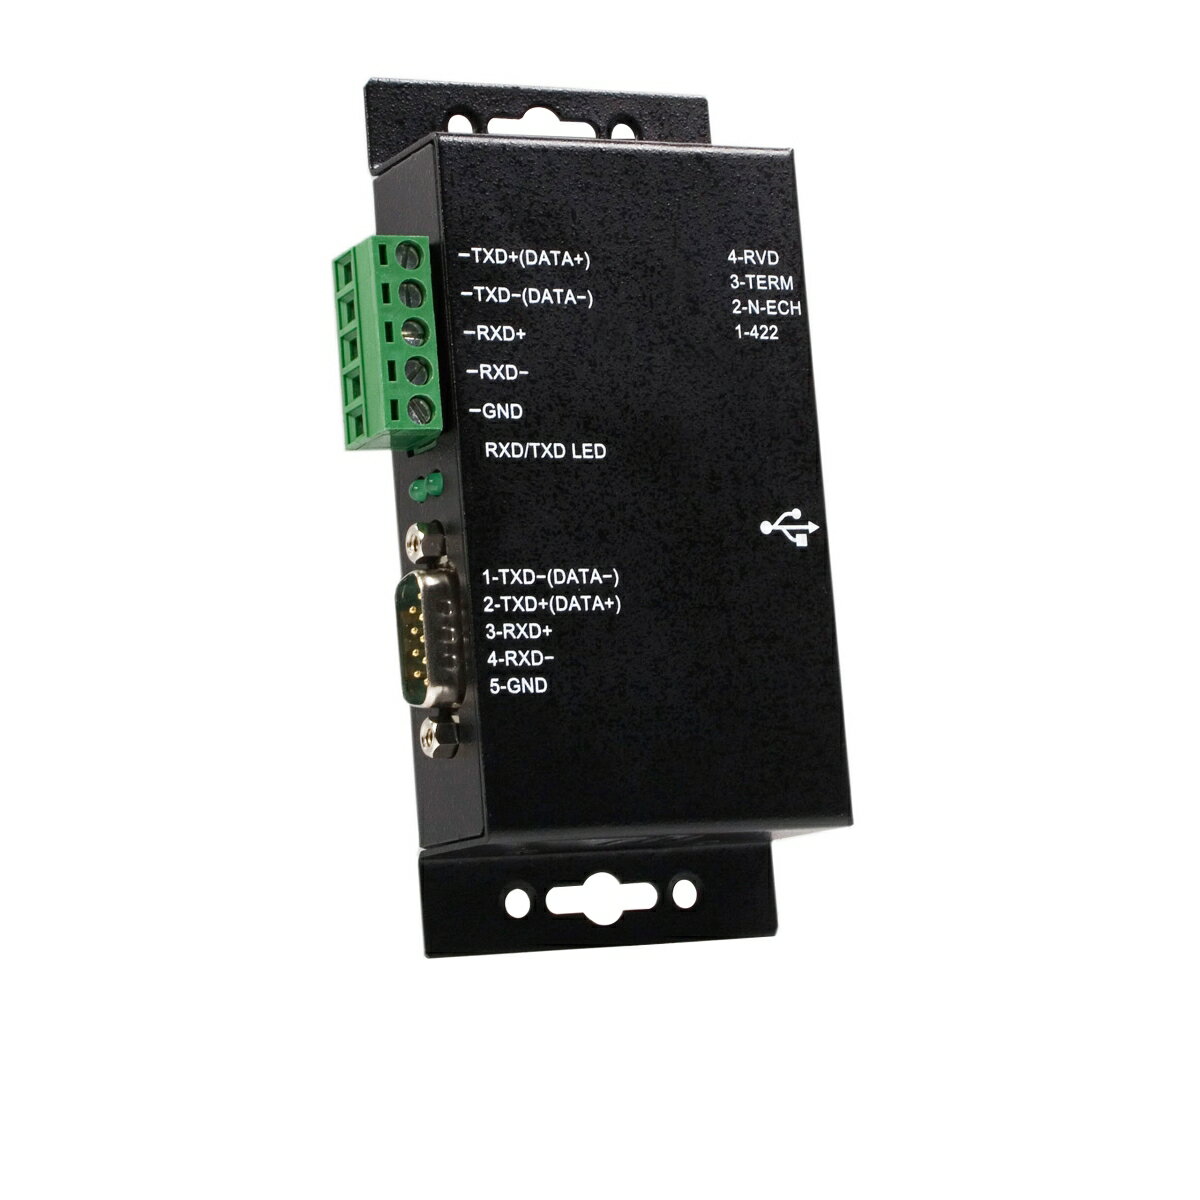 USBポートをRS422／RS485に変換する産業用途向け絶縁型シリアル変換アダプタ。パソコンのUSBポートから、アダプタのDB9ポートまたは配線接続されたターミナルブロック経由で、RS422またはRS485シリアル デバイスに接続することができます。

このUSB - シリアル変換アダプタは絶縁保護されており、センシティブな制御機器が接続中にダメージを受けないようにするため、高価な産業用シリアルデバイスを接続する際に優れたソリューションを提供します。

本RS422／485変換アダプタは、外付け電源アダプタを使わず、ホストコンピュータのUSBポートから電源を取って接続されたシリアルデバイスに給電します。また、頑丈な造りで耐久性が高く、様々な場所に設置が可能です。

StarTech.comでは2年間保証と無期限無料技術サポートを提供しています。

※ ※ ※

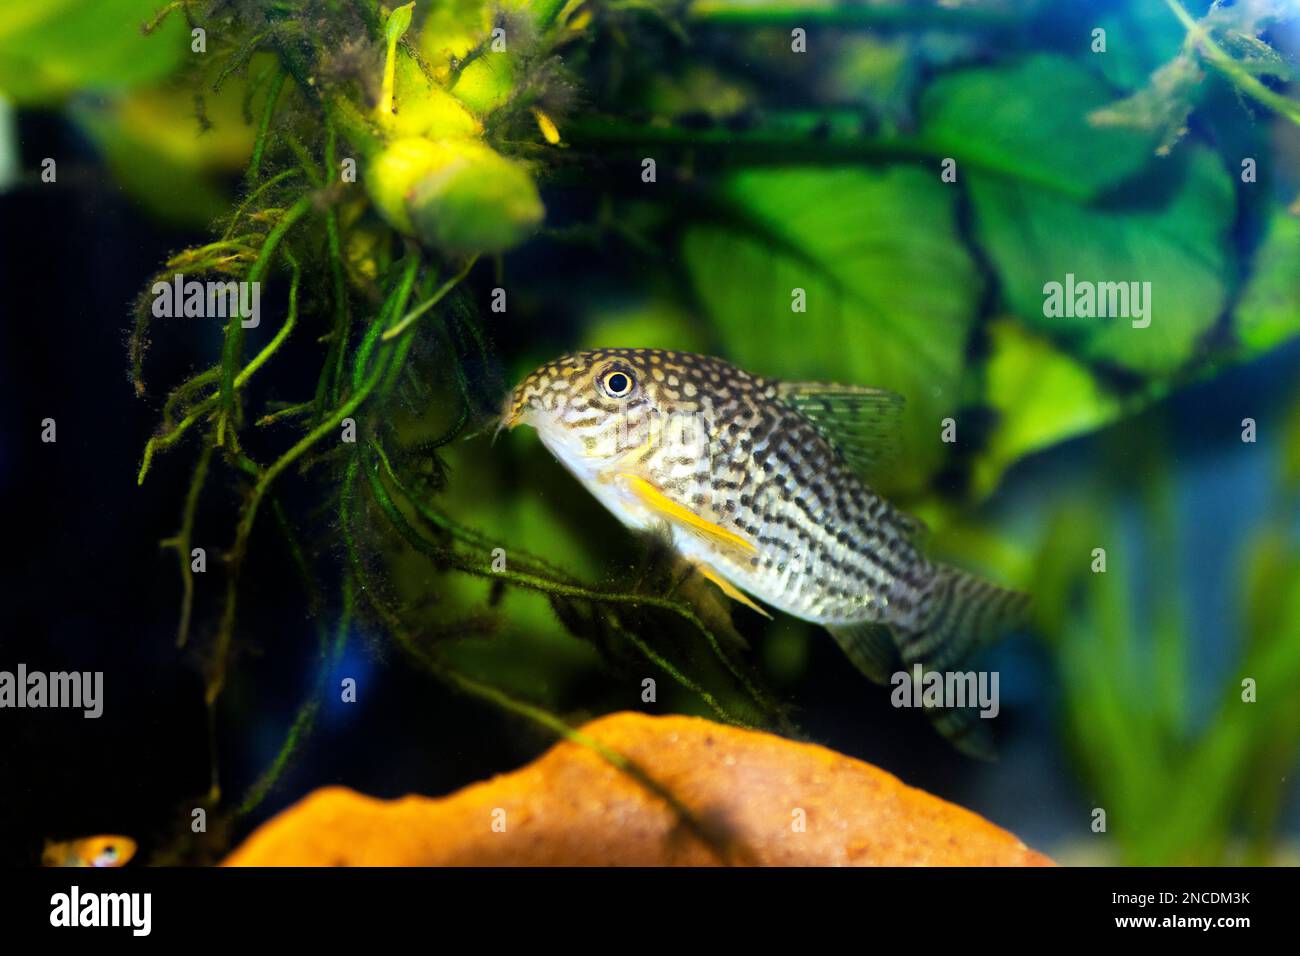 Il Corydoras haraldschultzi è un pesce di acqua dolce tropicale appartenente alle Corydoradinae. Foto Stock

※ ※ ※

> _PROMPT_
Skipping the pictures, print the lines in the listing above exactly as written, starting at the line with "USBポートをRS422／R" and ending at the line with "StarTech.comでは2年間保証と無期限無料技術サポートを提供しています。", both included.

> _RESULT BELOW_
 USBポートをRS422／RS485に変換する産業用途向け絶縁型シリアル変換アダプタ。パソコンのUSBポートから、アダプタのDB9ポートまたは配線接続されたターミナルブロック経由で、RS422またはRS485シリアル デバイスに接続することができます。

このUSB - シリアル変換アダプタは絶縁保護されており、センシティブな制御機器が接続中にダメージを受けないようにするため、高価な産業用シリアルデバイスを接続する際に優れたソリューションを提供します。

本RS422／485変換アダプタは、外付け電源アダプタを使わず、ホストコンピュータのUSBポートから電源を取って接続されたシリアルデバイスに給電します。また、頑丈な造りで耐久性が高く、様々な場所に設置が可能です。

StarTech.comでは2年間保証と無期限無料技術サポートを提供しています。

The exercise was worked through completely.